Belki Bir Gün Geri Döner
Biz yetişkinler açısından bile kabullenmesi zor olan ebeveyn kaybı, kuşkusuz çocukların yaşayabilecekleri en zor deneyimdir. O küçücük kalpleri ile yokluğa anlam yüklemek, kaybını yaşadıkları kişiyi her zaman olduğu gibi yine aynı çocuk heyecanıyla beklemek…
Bazı cümleler rüzgarın yaprakları savurduğu gibi savurur sizi. Yakınınızı kaybettiğiniz o ana, o güne geri döner ve yüreğinizde kocaman bir boşluk hissedersiniz. O boşluk kapanmaz belki ama iyileşmek için “ya da kabullenmek desek daha doğru” hayatın bize yardımcı olduğunu görmeye çalışmalıyız.
Çocuklar kayıp karşısında neye sarılır?
Biz yetişkinler açısından bile kabullenmesi zor olan ebeveyn kaybı, kuşkusuz çocukların yaşayabilecekleri en zor deneyimdir. O küçücük kalpleri ile yokluğa anlam yüklemek, kaybını yaşadıkları kişiyi her zaman olduğu gibi yine aynı çocuk heyecanıyla beklemek… Bizler yaşadığımız kayıplarda anılara sarılıyor bir nebze olsun teselli buluyoruz ama çocuklar zaten belirsiz buldukları bu durumdan neye tutunarak ve nasıl yara almadan çıkabilirler ki?
Tıpkı benim gibi ama benim yaşımda değil daha küçücükken baba kaybı yaşayan bir çocukla tanıştım.
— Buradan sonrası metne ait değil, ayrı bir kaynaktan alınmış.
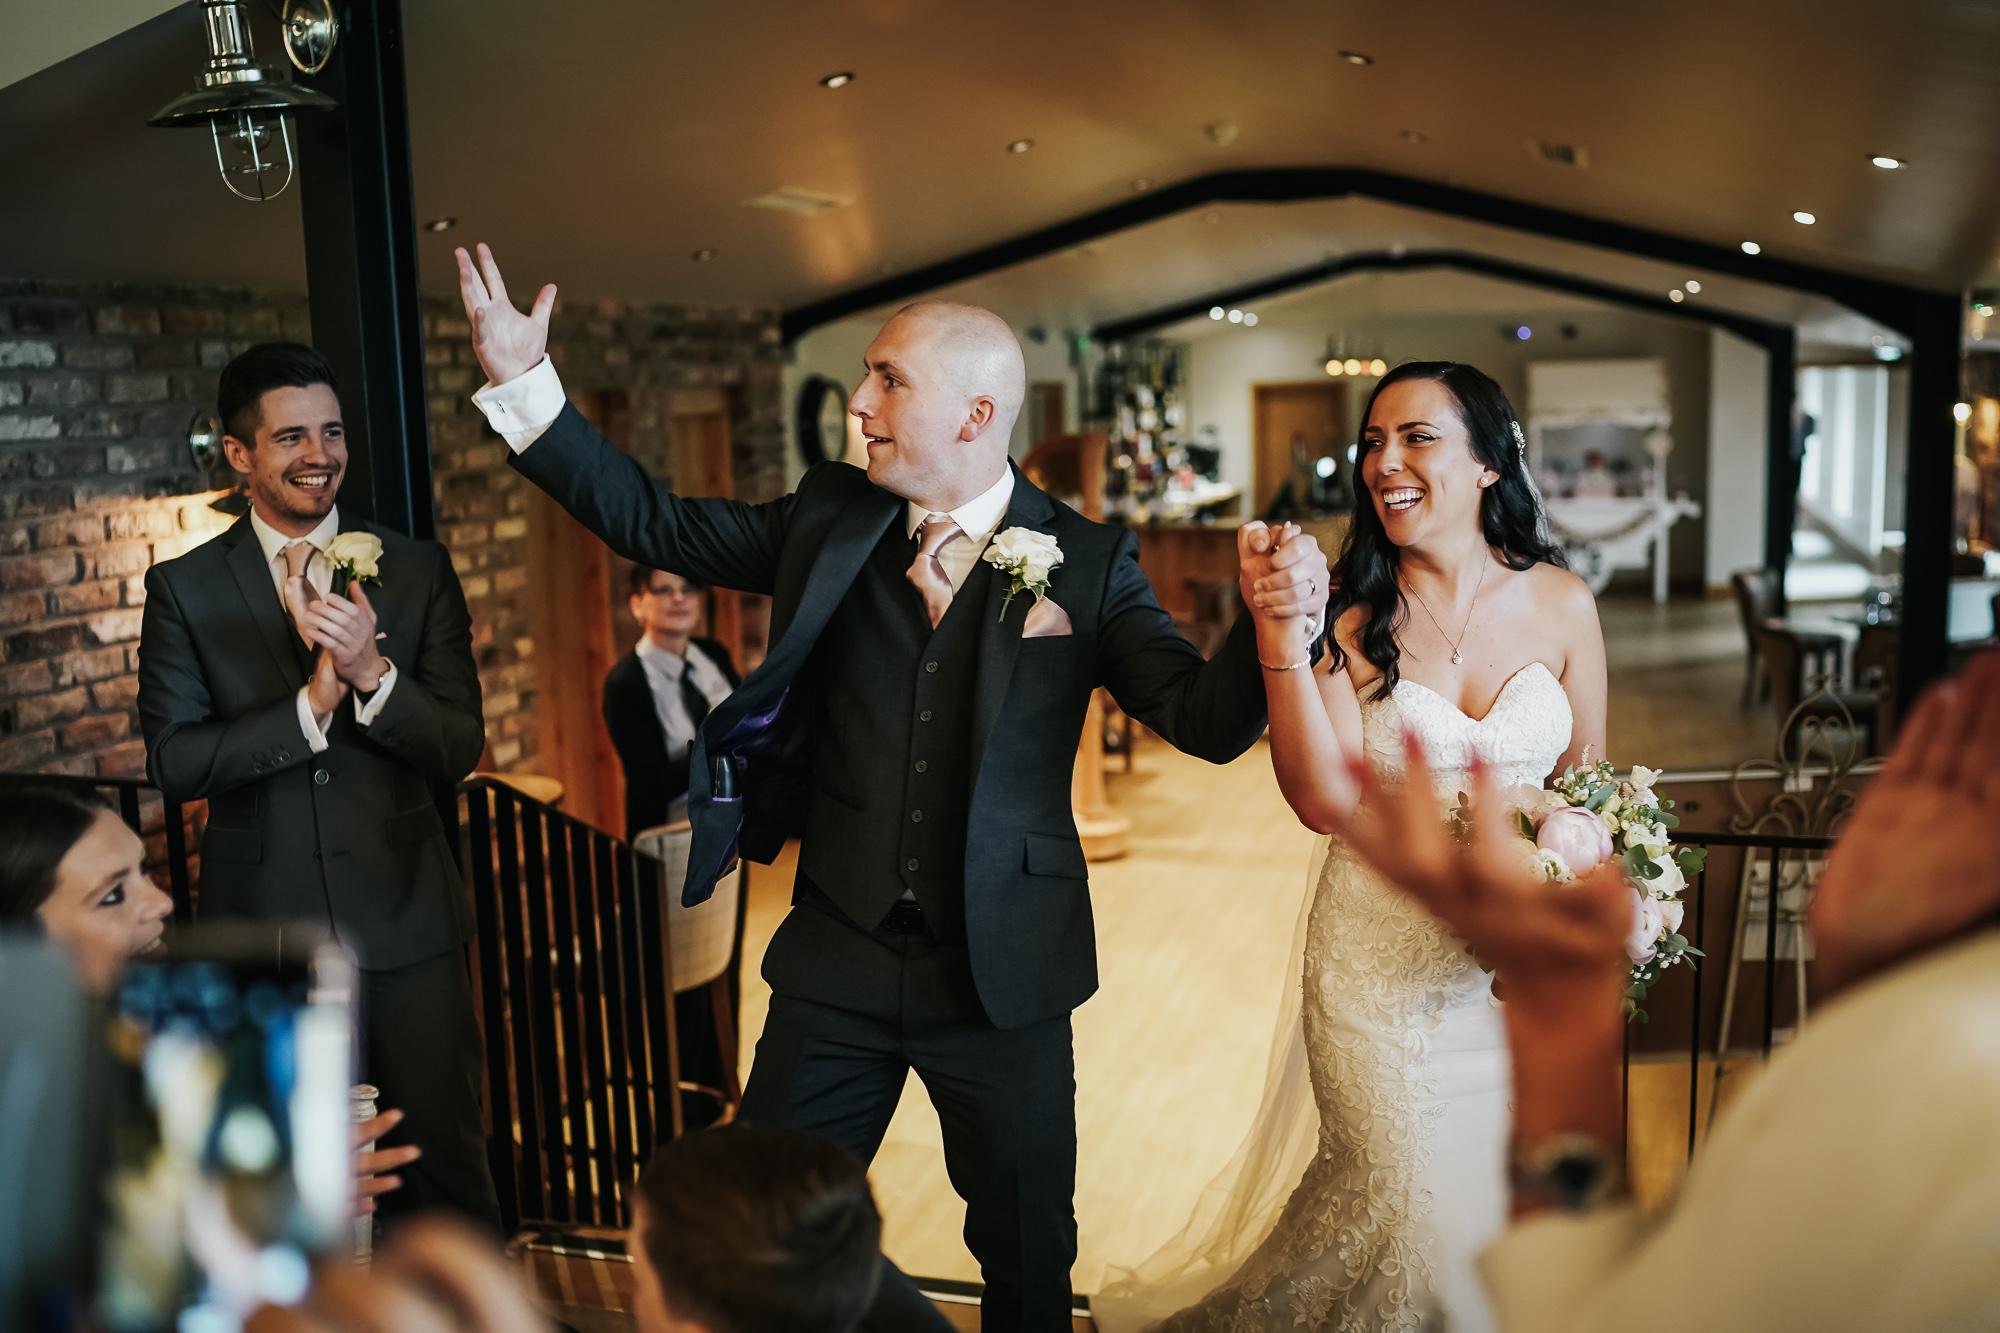 Hyde Bank Farm Wedding Photography Manchester wedding photographer (37 of 49).jpg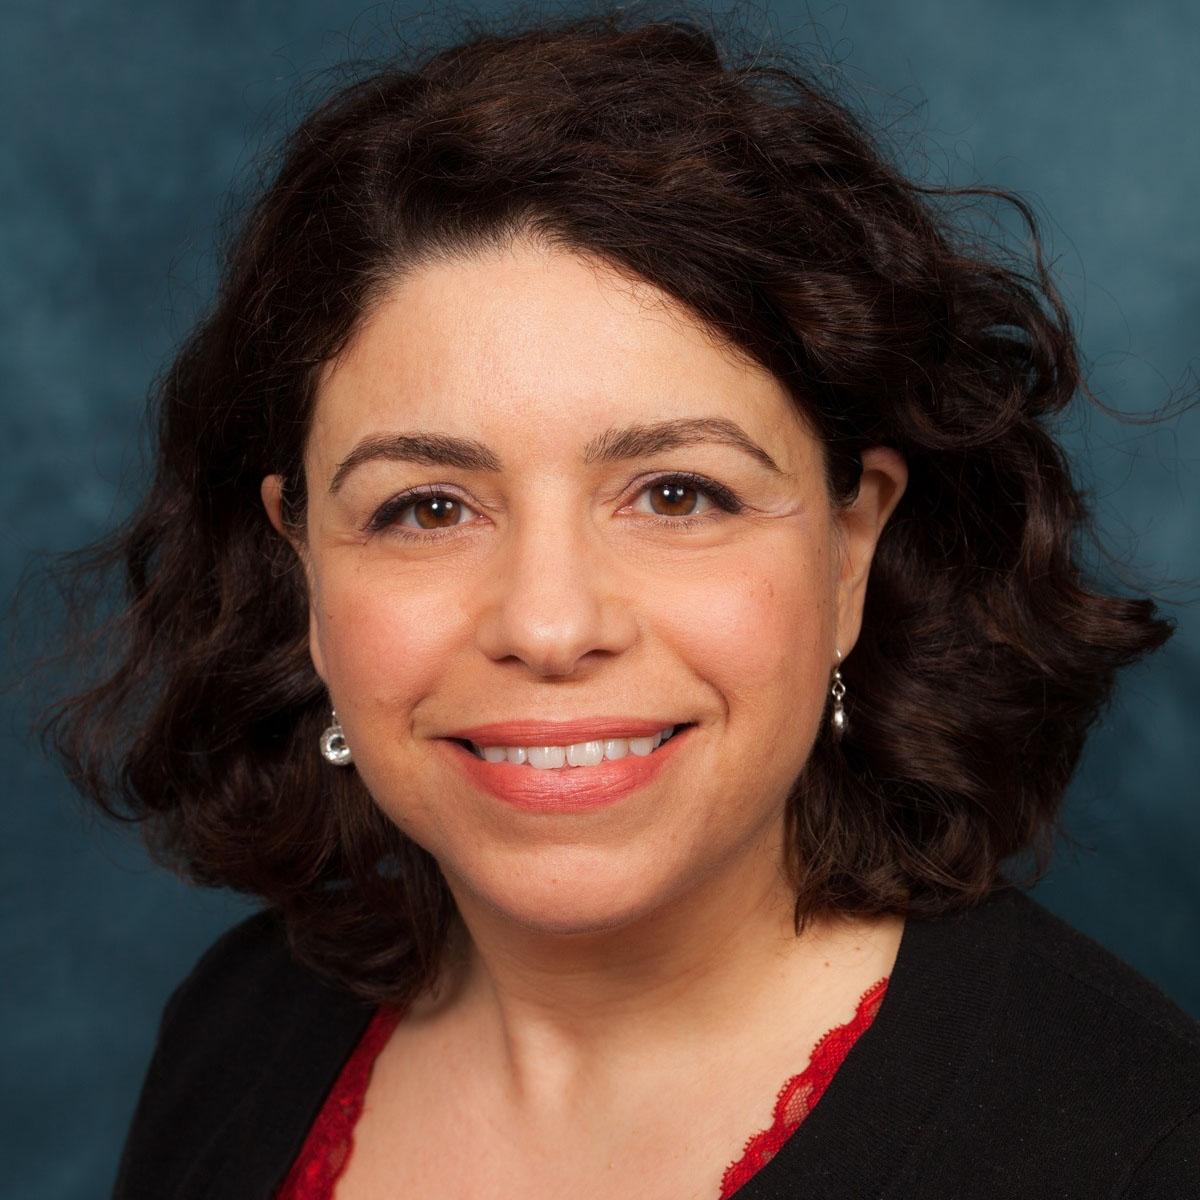 Claire Kalpakjian ACRM Plenary Presenter 2021

Martı Çocuk tarafından yayımlanan Johan Pegot’nun yazıp resimlediği, Elif Hazal Çök’ün muazzam çevirisiyle dilimize kazandırdığı “UÇMAK” kitabındaki o hüzünlü çocukla. Daha ilk cümlede kitaba kocaman sarıldım. O ilk cümle gözümden düşen yaşlarla birleşip kalbime aktı. Çizimlerde kullanılan soft renkler hikayenin ve bence karakterin de iç dünyasını yansıtıyor.
Küçük çocuk artık yanında olmayan babasını bekliyor. Günlerini onu düşünerek, sahilde onu bekleyerek geçiriyor. Bir gün, iki gün, üç gün, belki haftalarca babasının dönmesini sabırla ve umutla bekliyor. Yine böyle bir günde karşısına yaralı bir kuş çıkıyor. Bu göçmen kuşa “Su Perisi” adını veriyor. Bu kısımda sizler de benim gibi ayrıca dağılabilirsiniz. Nedeni bu güzel kitapta saklı kalsın ki o his uçup gitmesin istiyorum.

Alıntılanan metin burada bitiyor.